The rule applies to issuers and plans on the first day of the plan year beginning on or after January 1, 2025.

The discriminatory practices prohibited by Section 1557 are defined in existing Federal anti-discrimination statutes.  These are largely uncontroversial other than the prohibition based on sex discrimination which includes:

  • Sex characteristics, including intersex traits;
  • Pregnancy or related conditions;
  • Sexual orientation;
  • Gender identity; and
  • Sex stereotypes. [1]

Who does the final rule apply to?

The final Section 1557 rule applies to health programs or activities that receive HHS funding, health programs or activities administered by HHS (such as the Medicare Part D program), and the health insurance Marketplace (and all plans offered by issuers that participate in those Marketplaces that receive Federal financial assistance).

Impact on Health Insurers

As noted above, health insurance is a health program or activity.  Many health insurers receive Federal financial assistance because they participate in the Exchanges and/or provide Medicare Advantage plans, Medicare Part D plans or Medicaid managed care plans and are therefore covered entities.  If an insurer is a covered entity then all of the insurer’s operations are subject to Section 1557, even if those operations are not themselves recipients of Federal funds.   This would encompass its non-grandfathered health insurance policies including excepted benefits, such as its dental, vision, fixed indemnity and dread disease products.  It would also include their third-party administrator activities.

Impact on Employers and Plans

The good news for employers is that Section 1557 does not apply to an employer with respect to its employment practices including the provision of employee benefits.  HHS does note that the non-discrimination statutes on which Section 1557 is based do apply to most employers, including employers that improperly discriminate with respect to the provision of health care benefits.  HHS will refer complaints of discrimination that are not covered by Section 1557 to the appropriate agency for handling.

It likewise does not directly affect an employer-sponsored health plan to the extent that the plan is an entity that is legally separate from the employer.    While a plan is a health program or activity, plans do not normally receive Federal financial assistance and are therefore not covered entities.  The fact that an employer or other plan sponsor (such as a MEWA) receives Federal financial assistance does not necessarily alter this conclusion.
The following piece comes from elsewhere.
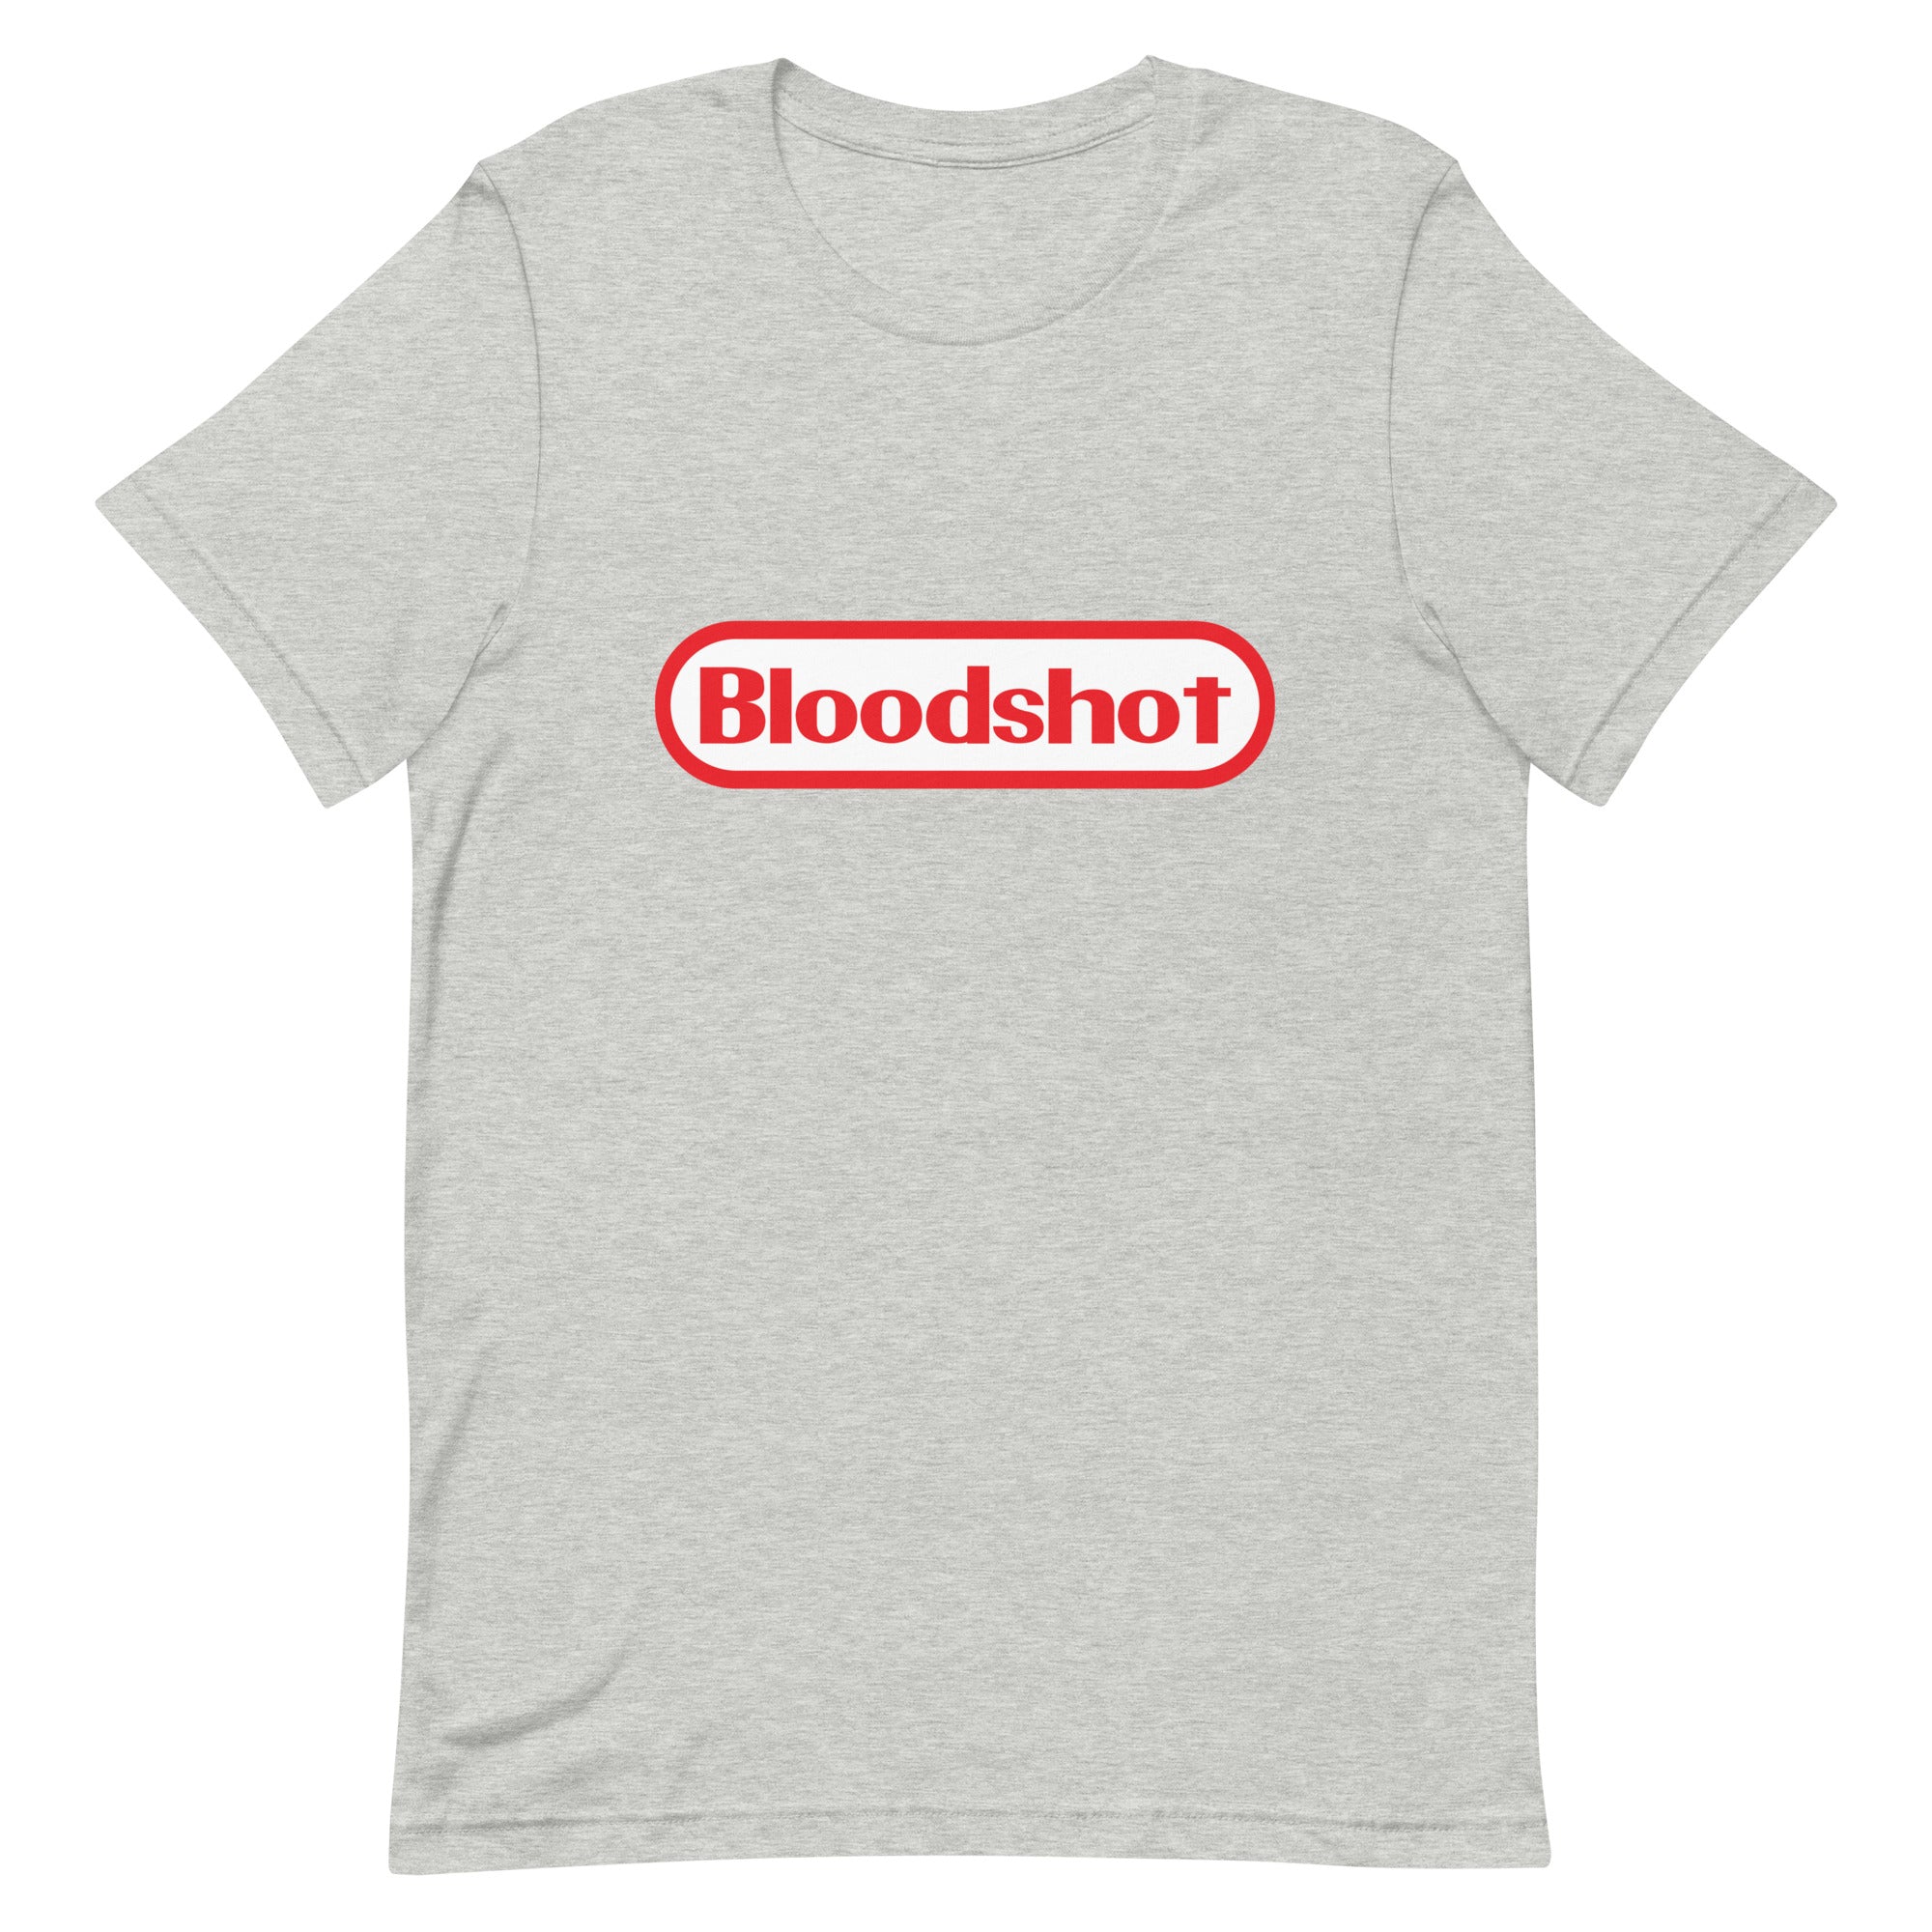 Bloodshot - Unisex t-shirt

Nevertheless, Section 1557 may indirectly affect employer-sponsored plans.

Fully Insured Plans

Most insurance companies will be covered entities under Section 1557 and the insurance policies that they sell will all have to comply with the Section 1557 non-discrimination requirements.  That means that an employer with a plan that is insured by an insurance company that is a covered entity will have to accept an insurance policy that does not discriminate on a prohibited basis, even if the employer has moral or religious objections to some of the coverages.  An employer with such objections would need to find an insurer that is not a covered entity.[2]

Self-insured Plans

Self-insured plans that are administered by TPAs that are not themselves covered entities will not be affected by Section 1557.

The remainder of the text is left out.